Une filière délaissée  ?

Mais si l’État ne peut pas tout, il peut tout de même un peu. Dans certains pays (en Allemagne, par exemple, évidemment), il ne s’en prive pas. Bruxelles (rendons-lui justice pour une fois) est disposé à accepter un plan de financement de la filière microélectronique pour relayer le précédent qui se termine cette année. Les États doivent passer par le cadre des IPCEI («  projets importants d’intérêt européen commun  ») qui permet de se libérer des contraintes de libre concurrence, à condition que trois États membres, au minimum, investissent dans des domaines «  qui apportent une contribution notable à la croissance économique, à l’emploi et à la compétitivité de l’Europe  ». Berlin a mis un milliard sur la table, que viendront compléter les investissements des entreprises allemandes, pour un total dépassant les 5 milliards. En France, malgré les alertes lancées par le porte-parole de la filière et patron de Soitec, et nonobstant les discours ministériels et plans d’investissements (dont on a déjà évoqué le flou concernant la composante industrielle), l’État a encore brillé par son absence.
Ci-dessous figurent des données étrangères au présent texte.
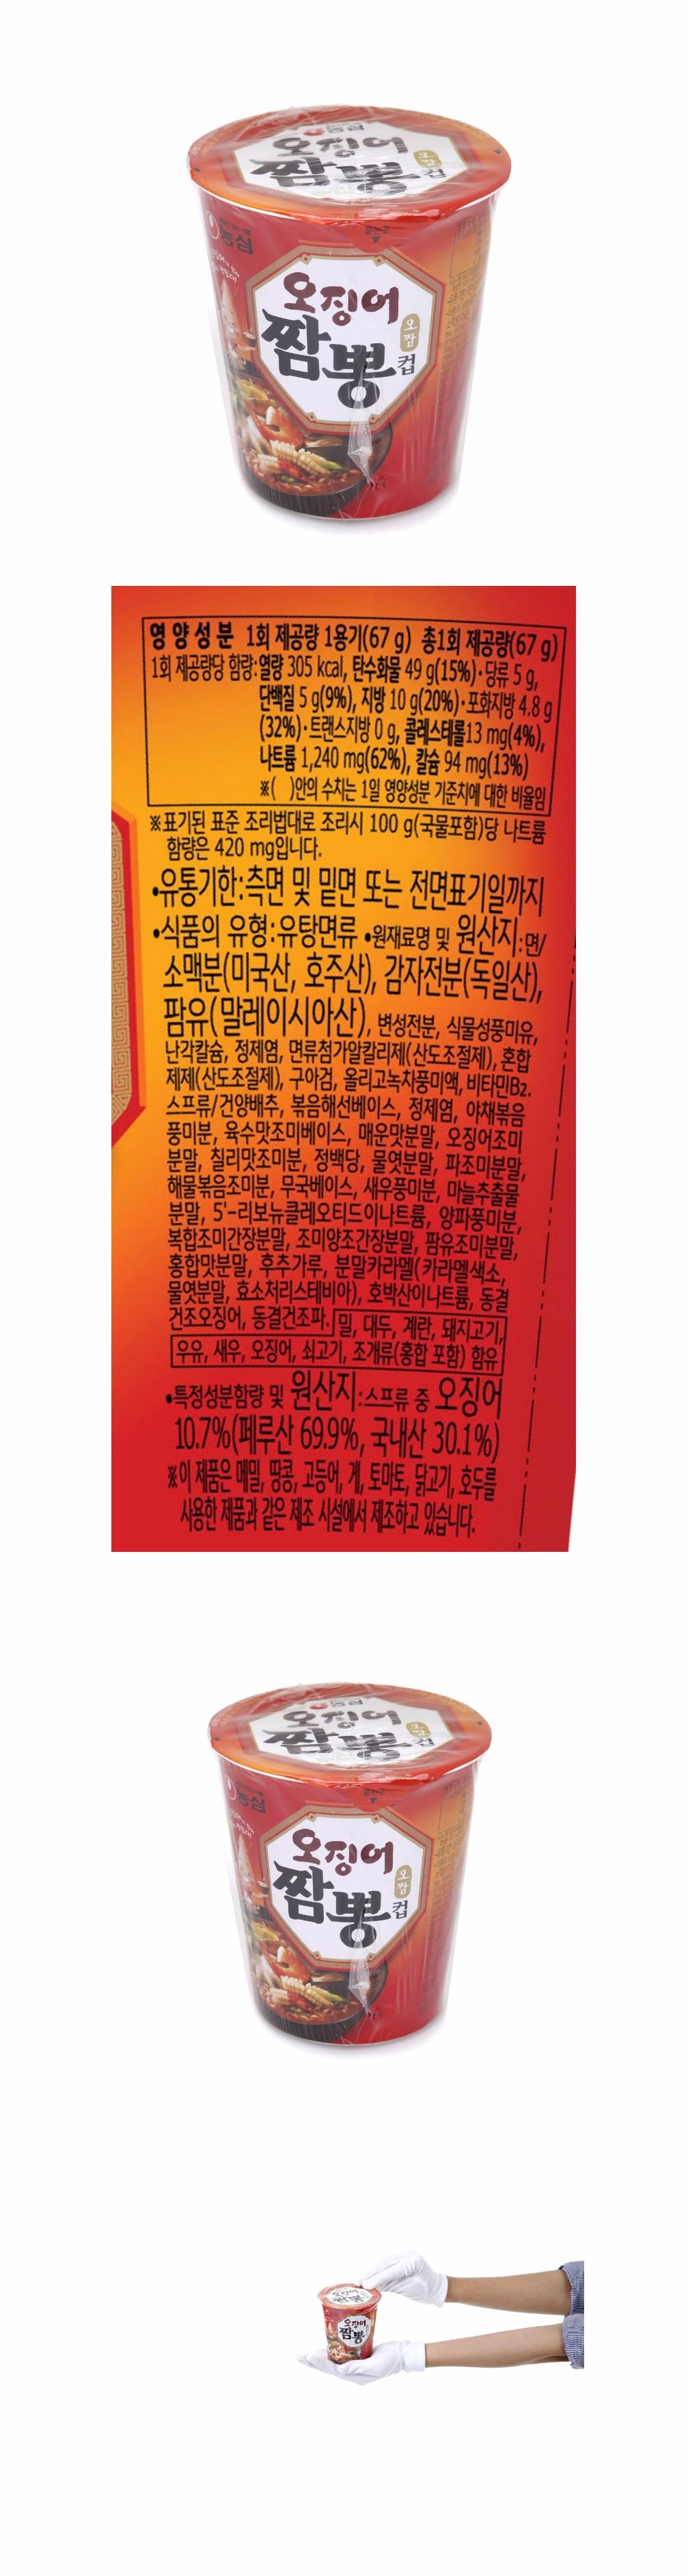 -nongshim-squid-jjamppong-67g.jpg

Pourtant, son action permettrait à cette filière, une des rares à conserver un avantage concurrentiel significatif sur les États-Unis ou l’Asie, de conserver son avance et d’être en pointe sur l’avenir que lui façonnent les projets d’objets et de voitures connectés.

On connaît la chanson

L’échelon européen n’est-il donc bon que lorsqu’il s’agit de réaliser des transferts de souveraineté, mais pas pour soutenir des projets industriels concrets et d’avenir  ? «  Nous ne parlons pas de la zone dollar, nous parlons des États-Unis qui [sont] un grand pays. Et demain, je veux que nous parlions, non plus de la zone euro, mais de l’Europe comme d’un grand pays avec une économie performante, avec de la croissance, de l’emploi, de l’éducation, des investissements et de l’innovation  », dit encore le ministre, comme si ce changement d’échelon pouvait tout résoudre. Dans le discours des années quatre-vingt-dix, la taille critique de la monnaie était européenne. Le moins que l’on puisse dire, c’est que le résultat laisse à désirer.